Learning from the Good or the Bad: Understanding the Complex Impact of Stress on Feedback-Based Learning

Stress is a physical, mental, or emotional response to events that cause bodily or mental tension. It arises from any situation or thought that makes you feel frustrated, angry, or nervous. Stress is your body’s way of responding to any kind of demand or threat. When faced with a challenge or danger, the body kicks into gear, flooding the body with hormones that elevate heart rate, increase blood pressure, boost energy, and prepare it to deal with the problem. Stress has profound implications on both behavioral and health outcomes. It’s associated with various detrimental effects including cardiovascular diseases and mental disorders. Feedback-based learning, integral to everyday functioning, involves decision-making based on previous positive or negative feedback. Previous research has highlighted that stress can affect feedback processing through the activation of the hypothalamic–pituitary–adrenal axis and changes in neural activities, particularly in areas such as the prefrontal cortex and striatal circuits. Under stress, individuals might respond better to positive feedback. Stress narrows focus, and positive reinforcement can help in directing this focused attention towards beneficial learning behaviors. Conversely, stress may make individuals more sensitive to negative feedback. This heightened sensitivity can either lead to a more careful and adjusted approach to learning or cause discouragement and avoidance behaviors, depending on the individual’s coping mechanisms and resilience. A new study published in the Journal Brain Sciences, Assistant Professor Xiao Yang from Old Dominion University in collaboration with PhD candidate Brittany Nackley, and Professor Bruce Friedman from Virginia Polytechnic Institute and State University, conducted a laboratory experiment to investigate how different types of stress affect feedback-based learning. Their primary aim was to differentiate between the impacts of physical and psychosocial stressors on this type of learning.

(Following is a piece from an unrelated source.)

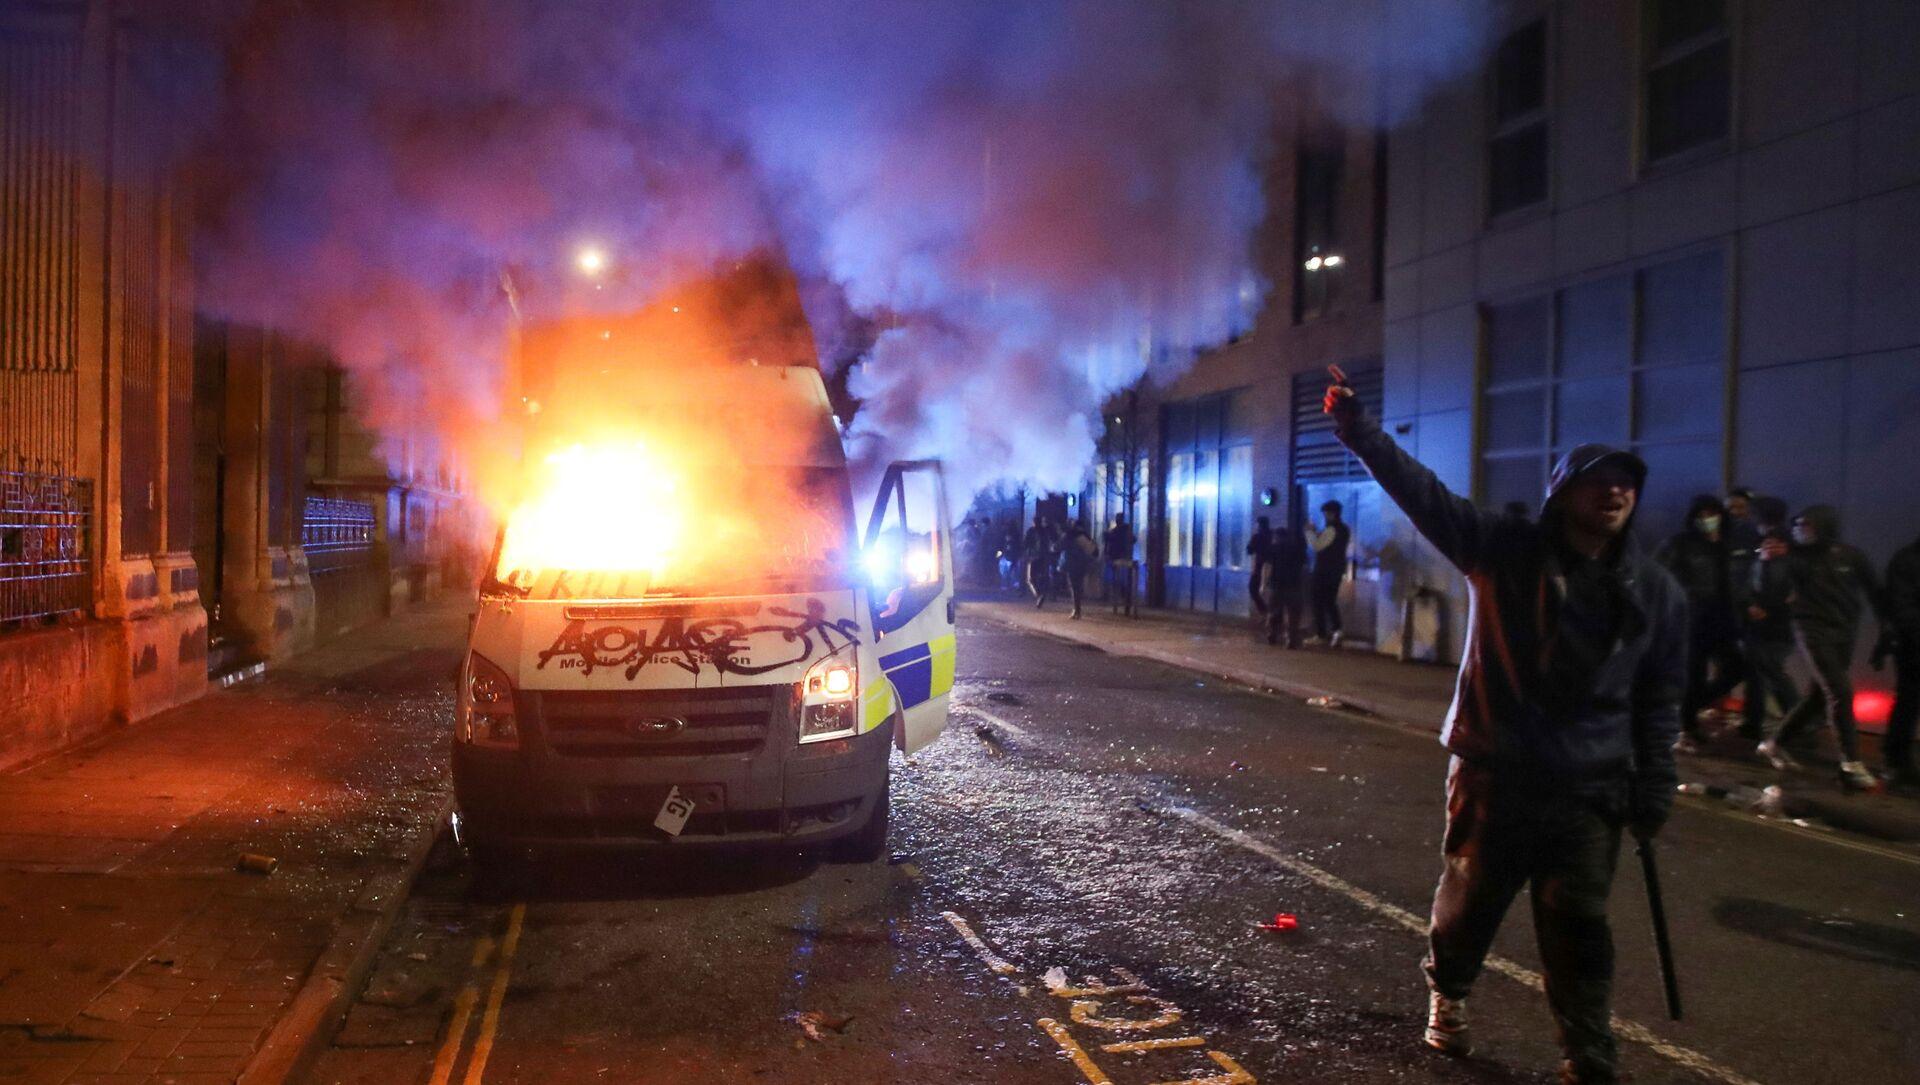 Protesty proti nově navrhovanému policejnímu zákonu v Bristolu v Británii 21. března 2021. - Sputnik Česká republika, 1920, 22.03.2021

The team recruited 96 participants, mostly college students, and divided them into two groups. Each group was subjected to a different type of stressor: one group underwent a physical stressor (Cold Pressor Task, CPT), where in this task, participants immersed their foot in cold water, creating a physical stress response and the other faced a psychosocial stressor (Mental Arithmetic Task, MAT) where this task involved performing a challenging mental arithmetic exercise in a socially evaluative context, inducing psychosocial stress. The team measured electrocardiography and blood pressure to assess Cardiovascular Reactivity (CVR) as a physiological indicator of the stress response. Moreover, participants rated their emotional response to the stressors. Before and after the stressors, participants engaged in a probabilistic learning task, which measured their ability to learn from positive and negative feedback. Indeed, using a between-group pretest–posttest design, it effectively distinguishes between physical (cold pressor task) and psychosocial (mental arithmetic task) stressors. The use of cardiovascular indices and self-rated valence as stress response metrics offers a novel lens through which to view stressor impacts.

The authors found no significant difference in the impact of physical (CPT) and psychosocial (MAT) stressors on feedback-based learning. This suggests that the type of stressor may not be as critical in determining its impact on this kind of learning. Interestingly, CVR and the emotional valence of the stressors did influence learning outcomes, but differently. Higher CVR was associated with improved accuracy in tasks involving positive feedback (Go accuracy), while the emotional valence of the stressors influenced tasks involving negative feedback (No-go accuracy). These findings suggest that the relationship between stress and learning is multifaceted. Both physiological responses (like CVR) and psychological factors (such as emotional reactions to stress) play a role in how stress affects learning. This highlights the need to consider multiple pathways through which stress can modulate cognitive processes.

One of the critical findings of the study is that while the effects of physical and psychosocial stressors on feedback processing were not significantly different, CVR and emotional valence influenced learning outcomes. This finding highlights the multifaceted nature of stress and its impact on learning, suggesting that stress-modulated feedback-based learning involves multiple pathways. The link between CVR and reward sensitivity, in particular, opens new avenues for understanding the physiological basis of stress impacts on cognitive processes. The researchers’ findings have significant clinical implications because it teaches us how stress affects learning and decision-making, which is important for addressing mental health issues and aging-related cognitive decline.